Dan Keen is their economist.

Dan Keen: Beginning in the fall, freight rail traffic basically fell off a cliff. And has stayed down in double digits.

The good news, such as it is, is that freight trains have stopped getting shorter. Keen says rail companies are starting to take cars out of storage. And that’s a sure sign they’re getting more orders to move raw materials to factories and consumer goods to distribution warehouses.

Chuck Clowdis follows the freight industry at IHS Global Insight.

Chuck Clowdis: And that pent up demand, a portion of that’s being released now. As the consumer starts buying, and plants start putting people back to work, there are more trucks on the road, the trains are longer.

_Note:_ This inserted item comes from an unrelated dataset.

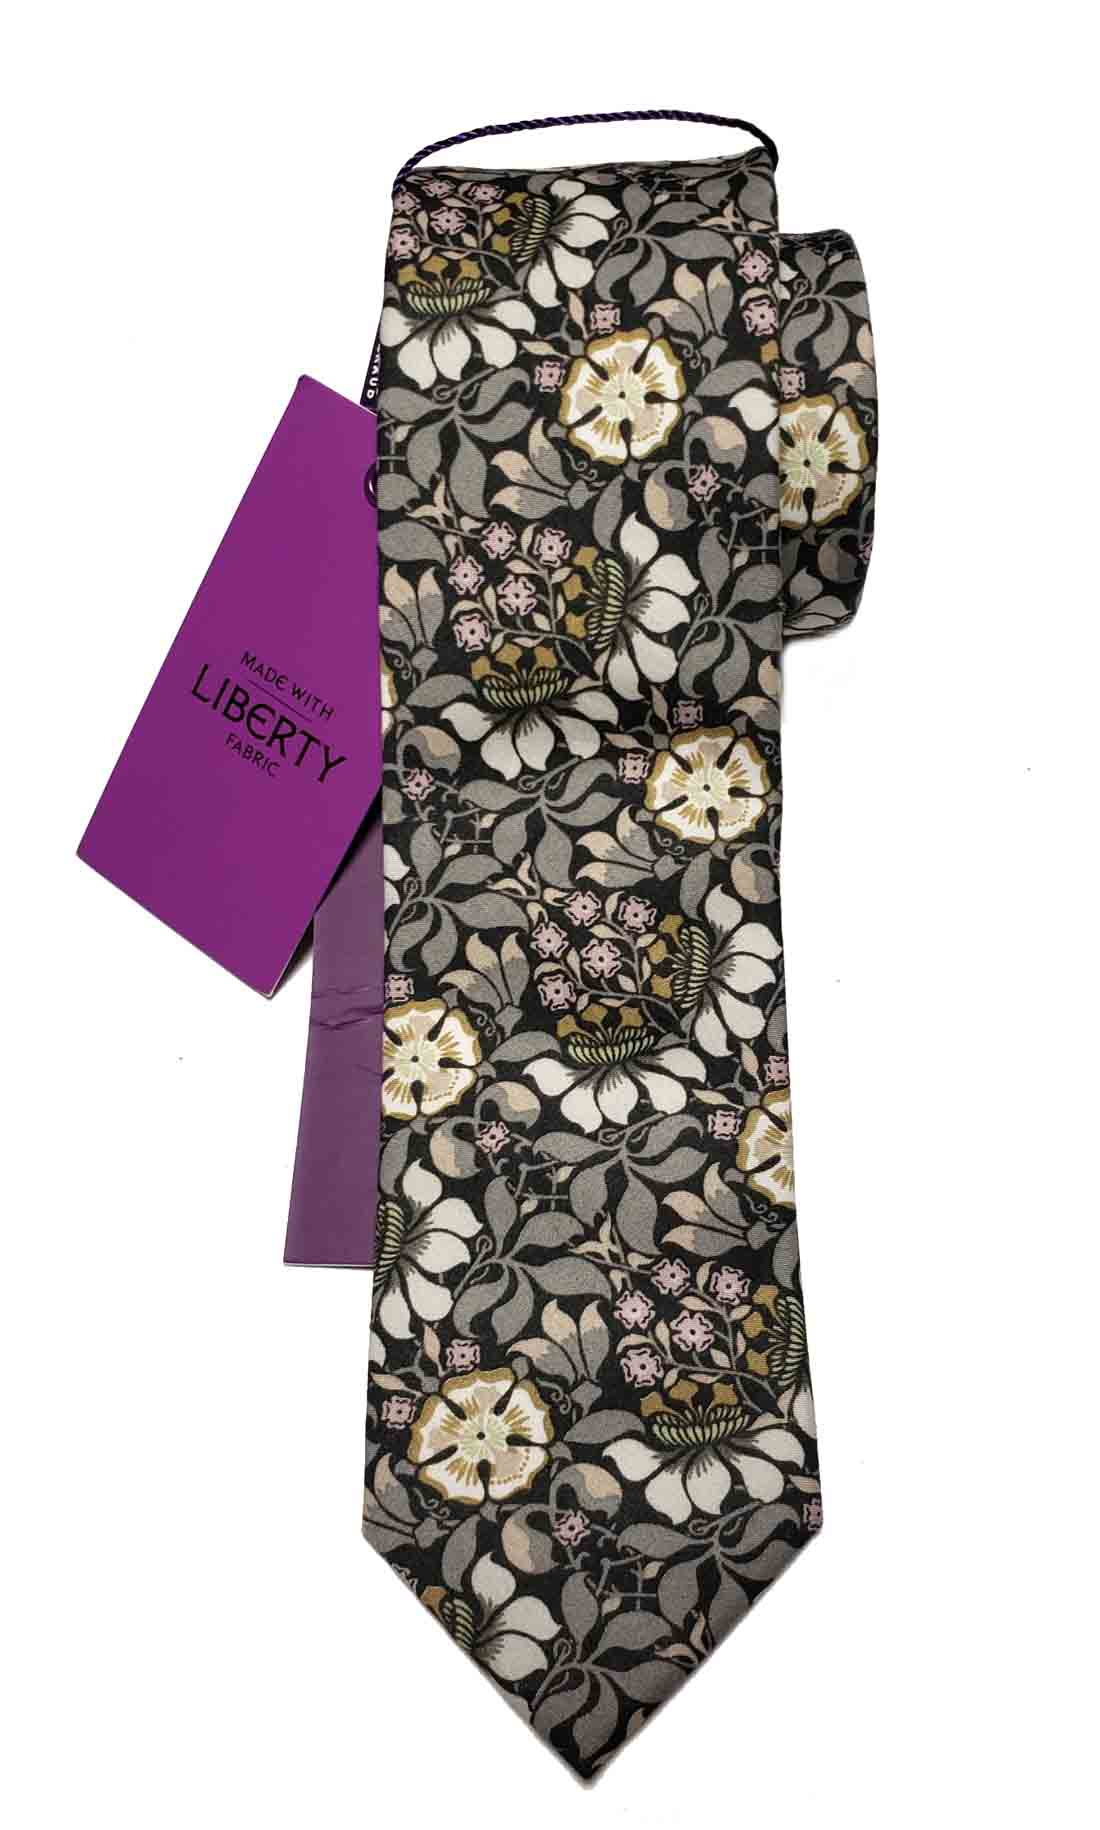 Gianni Feraud Liberty of London Fabric Tie Floral Gray Black Pink Cotton Men's Long Slim Tie

And the ships are coming in. At the Port of Portland there are more cars and shoes arriving from Asia; more wheat and minerals heading the other way. Port spokesman Josh Thomas says volume was up from July to August, but it’s still down 15 to 60 percent from a year ago. And that hurts if your job depends on moving stuff.

Josh Thomas: There is a domino effect, not only here at the port, but with many private companies, shippers, logistics firms, the longshoremen.

Economists say this whole complex of ports, rail and trucking will have to see sustained growth before many idled employees can get back to work.

I’m Mitchell Hartman for Marketplace.